The Murders of Molly Southbourne
- First edition cover
- Author: Tade Thompson
- Genre: Horror, Thriller
- Publisher: Tor.com
- Publication date: 3 October 2017
- Media type: Paperback
- Pages: 128
- ISBN: 978-0765397133
- Followed by: The Survival of Molly Southbourne

= The Murders of Molly Southbourne =

2017 horror novella by Tade Thompson

The Murders of Molly Southbourne is a 2017 horror novella by Nigerian-British writer Tade Thompson. The plot covers the life of Molly Southbourne, who is afflicted by a mysterious condition. Every time she bleeds, a doppelgänger will grow from her blood and attempt to kill her. The novella has two sequels: The Survival of Molly Southbourne (2019) and The Legacy of Molly Southbourne (2022).

==Plot==
A bruised and bloodied woman wakes chained to a wall, unable to remember her name or how she arrived in her situation. Her captor, a crazed woman named Molly Southbourne, tells her a story. Molly was raised in a secluded farm. Every time she bleeds, another molly appears. (The blood of other mollies, however, does not create more mollies). At first the mollies appear friendly, but in three days or less they will "turn bad" and try to murder her.

At college, Molly begins a short-lived relationship with a man named Leon. Molly's parents are killed by a molly.
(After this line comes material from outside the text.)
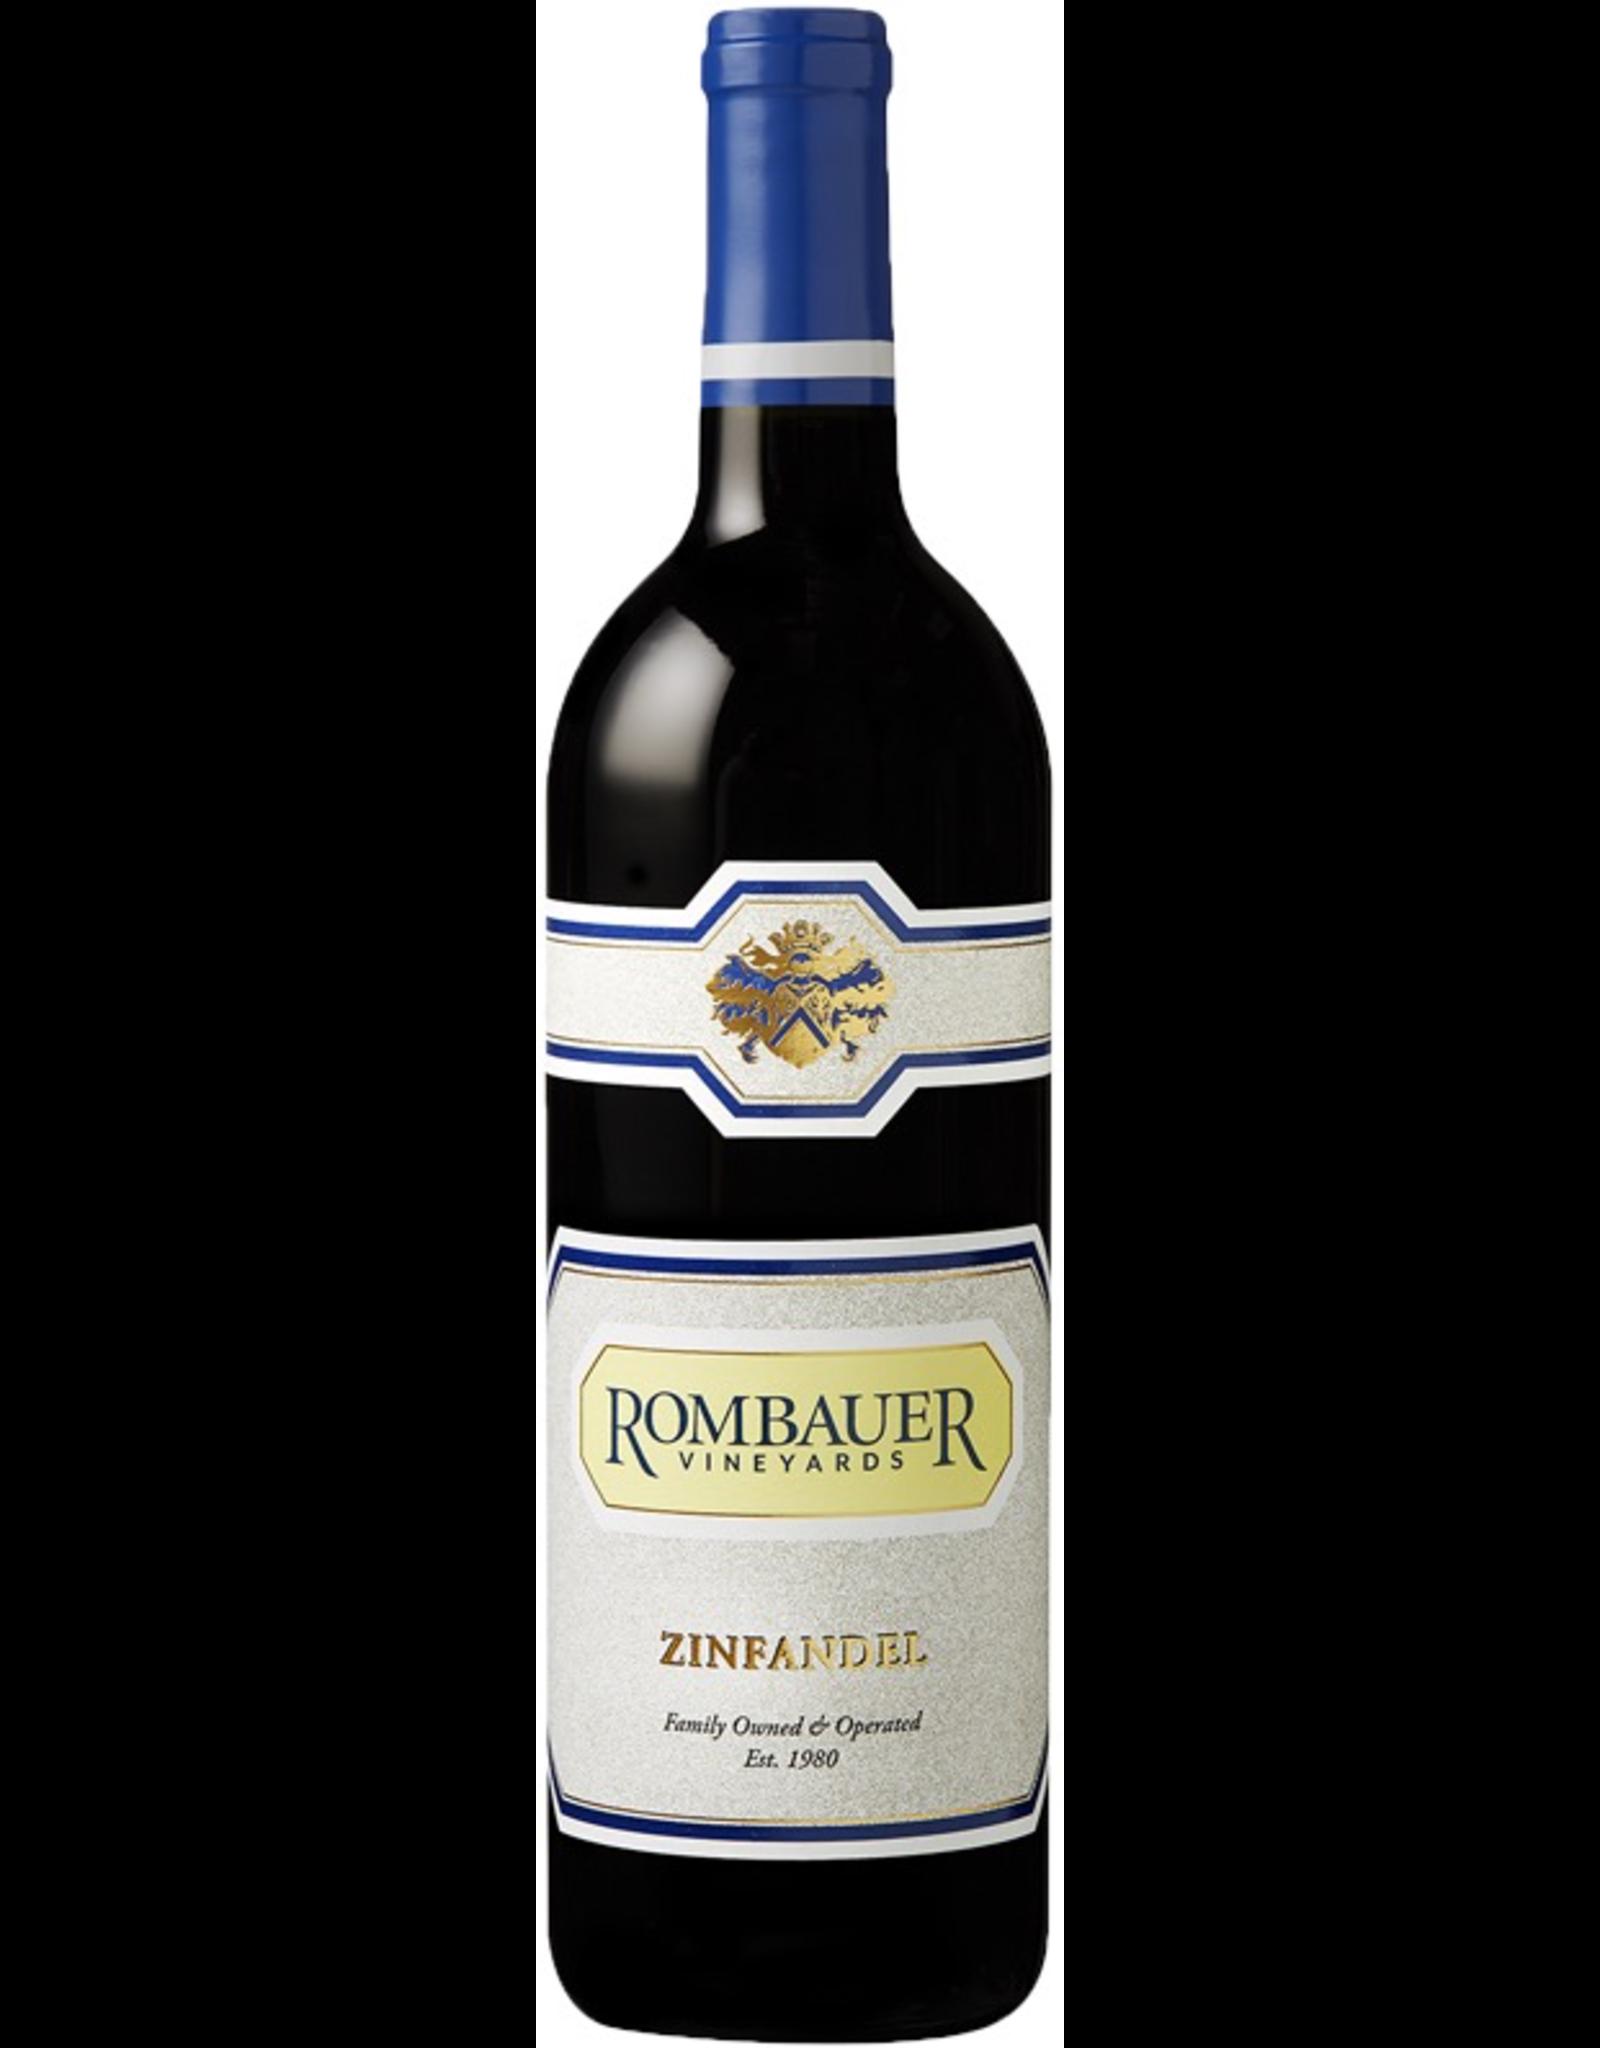 Red Wine 2018, Rombauer Vineyards, Zinfandel, Multi-regional Blend, Napa Valley, California, 15.9% Alc, CT89, RP90

She drops out of college and is hired as a research assistant by anatomy professor James Down, whom she eventually dates. Molly finds a letter from her mother. As a government spy, her mother was ordered to steal the biomedical research of a professor investigating declining female fertility. She injected herself with an experimental fluid, leading to Molly's condition. James discovers that Leon was killed by his own molly, a slow-growing clone that eventually ruptured and killed him. James has been infected and will soon die as well. Molly builds a dungeon in her basement.
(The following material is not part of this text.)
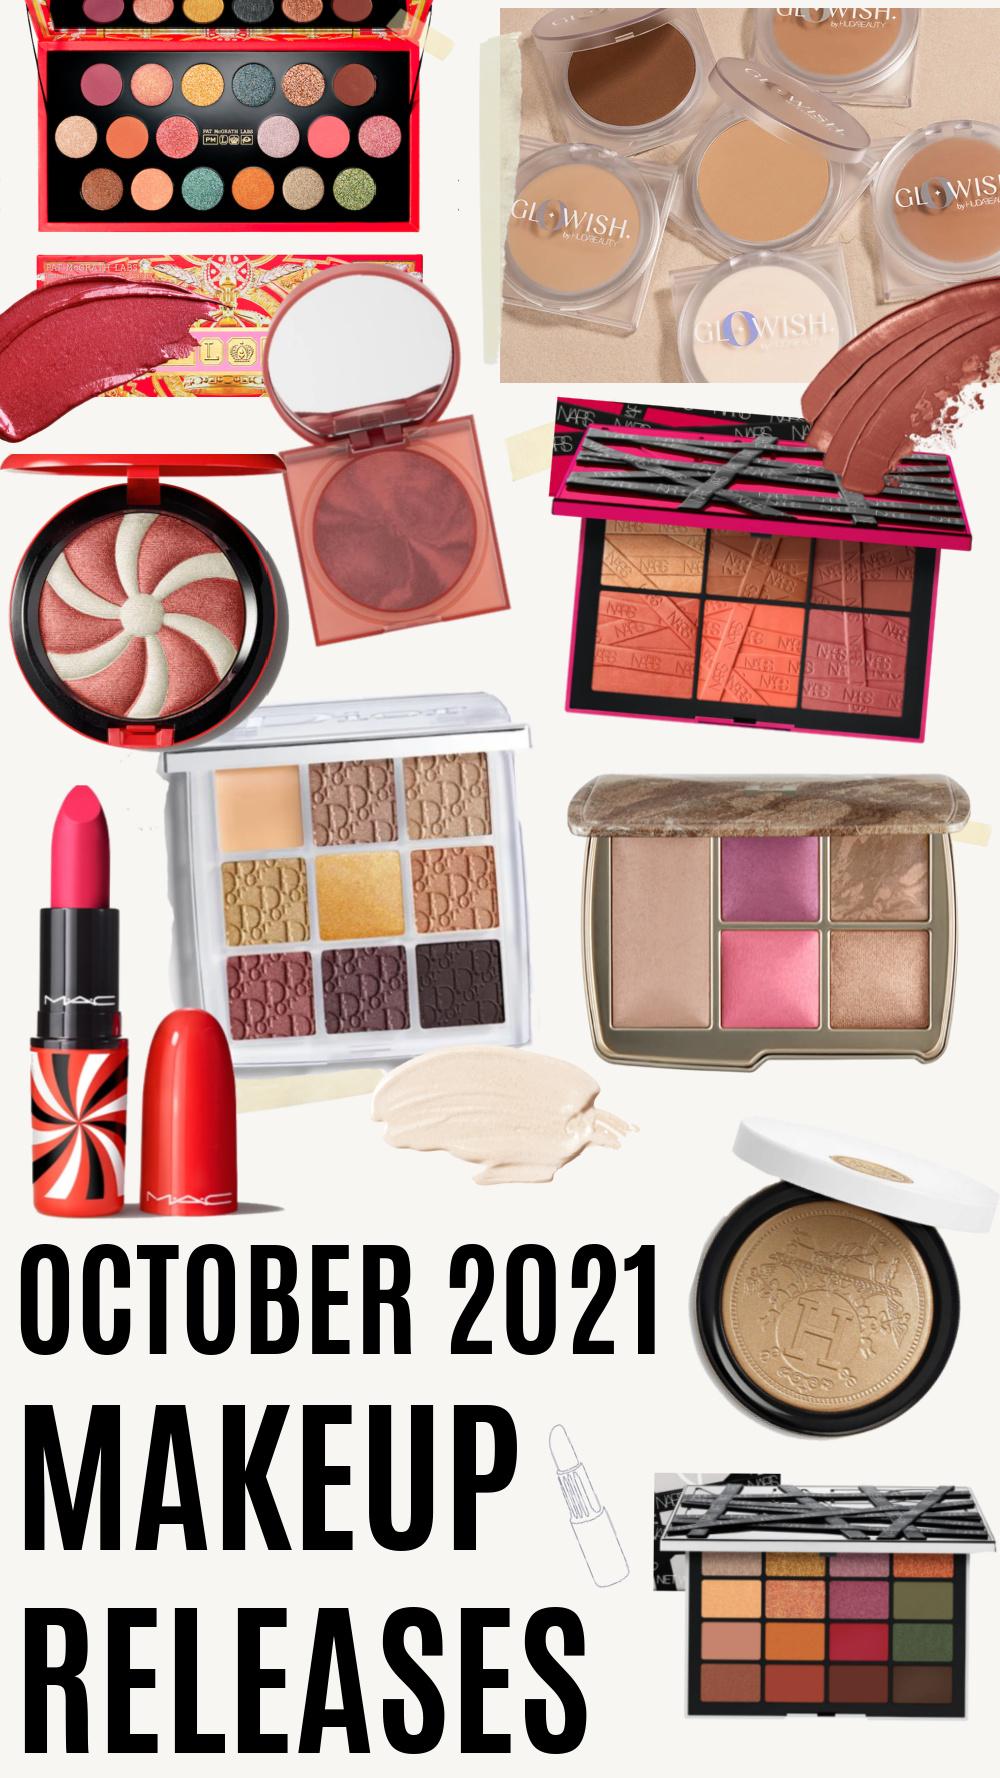 October 2021 Makeup Releases I Dreamnlace.com #makeupaddict #beautyblog

Molly reveals that the woman chained to the wall is the eleventh molly to appear since the construction of the dungeon, and the first which has not gone insane. Molly commits suicide and allows the new molly to take her place.

==Reception==
The Murders of Molly Southbourne was well-received critically, with praise for its psychological themes. Some commentators compared the novel's plot to a parable about mental illness. Others compared it positively to other works featuring doppelgängers, such as "William Wilson" by Edgar Allan Poe. In a positive review, Publishers Weekly called the novella a "bloody exploration of identity and self".

Awards and honors
| Year | Award | Category | Result | Ref. |
| 2017 | BSFA Award | Shorter Fiction | Shortlisted |  |
| Shirley Jackson Award | Novella | Nominated |  |
| 2018 | British Fantasy Award | Novella | Shortlisted |  |
| Nommo Award | Novella | Won |  |
| 2020 | Grand Prix de l'Imaginaire | Foreign Short Fiction | Won |  |

==Adaptations==
In 2017, the novella was optioned by Welle Entertainmen and Cathy Schulman was slated to produce a film adaptation, along with Krishnan Menon and Adam Stone. As of 2020, the series had been optioned by Edgar Wright's, Nira Park's, Joe Cornish's and Rachael Prior's production company Complete Fiction, for the streaming service Netflix. It was both Thompson's first work and the first Tor.com novella to be optioned.